Зимри сменил Уца, взявши на себя труд поучений.

— Мир ли с тобой, Амнон?

— Горек мой мир.

— Мне ведома твоя кручина, и посему поспешил к тебе с сочувствием. Лихие времена настали. Лишь рассветет, и новости худые уже толпятся на пороге дня. С утра до вечера бродил по городу и видел такое, что впору «Караул!» кричать. Богатейшие и благороднейшие наши горожане, опора Сиона, дрожат от страха перед Санхеривом, и в панике покидают Иерусалим, и золото свое не выпускают из рук. «Куда путь держите?» — спрашиваю. «На острова греческие»- без стыда отвечают одни, «В Цур и в Цидон, поджидать корабли на Таршиш», — говорят другие.

Домой вернулся, и того не легче. Злые перемены, воздух чужд. Хрустальный сосуд добра вдребезги разбит. Ты не нужен более Тамар, Азрикама ей подавай. Я, как мог, укоротить пытался вздорный нрав ее. И вот ответ: «Кто ты такой, Зимри, чтобы советовать и поучать? Ты слишком задержался в доме моего отца!» Я был изумлен. Не слыхал такого прежде от Тамар. Поспешил к тебе. Объясни, каким проступком отвернул сердце невесты?

— Богом клянусь, нет на мне греха! Без вины изгнан. Покину возлюбленный Сион и, безвестный, на чужбине сгину, — ответил Амнон и вновь заплакал. Есть наслаждение в слезах.

— Довольно реветь, герой! Твои слезы могут быть заразительны, сохрани Бог. Ими обманешь не только себя, но и других. Нам следует мужаться и трезво размышлять. Беда — к выдержке и стойкости ступень. У нас есть, что обсудить.

— Начинай ты, я чересчур взволнован, — сказал Амнон и, пристыженный, умолк.

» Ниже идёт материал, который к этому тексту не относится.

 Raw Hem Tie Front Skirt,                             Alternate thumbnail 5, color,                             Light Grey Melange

— Глаза мужчины и глаза женщины смотрят на одно, а видят разное. Нет в этой истине новизны, и сие печально и гибельно, родит многие беды, и ваша с Тамар история — одна из них. Я знаю Тамар от младых ее ногтей. Нрав девицы то добр и мягок, то жесток и тверд, как кремень. Сызмала отцу с матерью перечила: любовалась отвращавшим их и в любимом ими искала изъян. Покуда те Азрикама почитали, Тамар ненавидела его, а вот полюбили они тебя — и уж ты изгнан прочь. Погоди, строптивая наша совсем обезумеет. Овчарню сожжет волкам назло. Небось, если опостылешь Иядидье и Тирце, пожалуй, вернет тебя милосердная их дочь. Однако, не желаю тебе того. Клянусь, нет правды ни в словах, ни в мыслях ее. Я наперед знал: завязнешь в паутине, упорхнет надежда, и останешься у разбитого корыта. Любовь ваша сном была рождена и сном обернулась.

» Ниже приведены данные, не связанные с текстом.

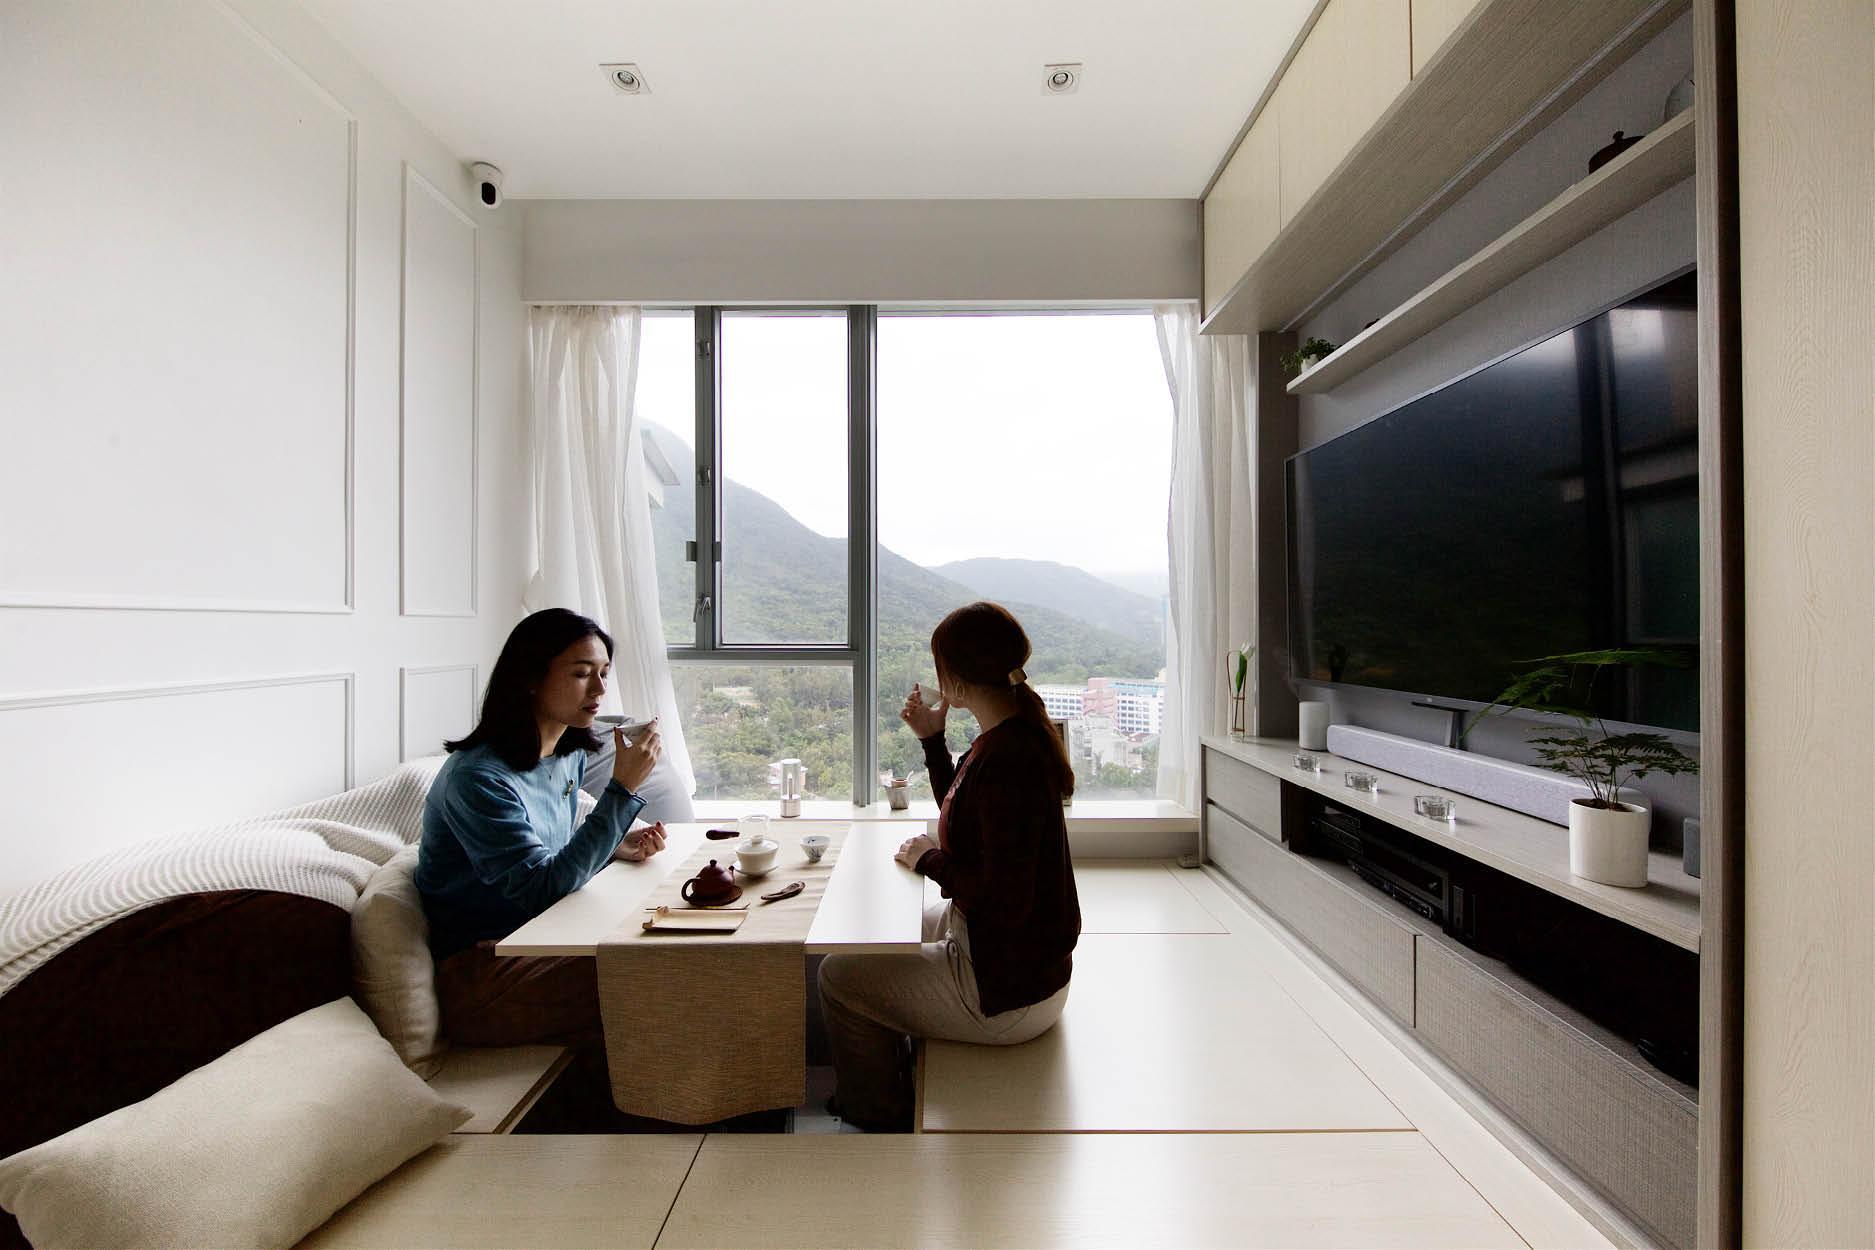 Căn hộ 45m² với mẹo bố trí hợp phong thủy giúp không gian thêm vượng khí, vợ chồng thêm thuận hòa  - Ảnh 3.

— Ничего в мире нет слаще такого сна, век бы спал… — только и нашелся ответить Амнон.

— А вот, послушай-ка побасенку, а в ней урок, — продолжил Зимри. — Пришел к мудрецу простак и просит совета: «Где искать жену — в деревне или в городе?» Отвечает мудрец: «Если хочешь самую лучшую жену, все города и деревни обойди и уж тогда выбирай. Мир велик, и путь твой долог». Через много лет повстречал мудрец того простака. «Нашел жену?» — спросил. «Весь мир исходил, сто пар сапог сносил и вернулся домой неженат. Чем больше видал, тем больше сомневался. Великие муки принял, состарился и ослаб. Век свой доживу холостым», — ответил простак. И ты, Амнон, не уподобляйся тому чудаку и не женись: права ополовинишь, обязанности удвоишь. Да разве время сейчас о женитьбе думать? Враг подступает, разумные бегут, спасенья ищут. Жены, дети, богатсво нажитое — тяжкое бремя. Знай, юноша, что жены в зыбкие времена — тираны нещадные.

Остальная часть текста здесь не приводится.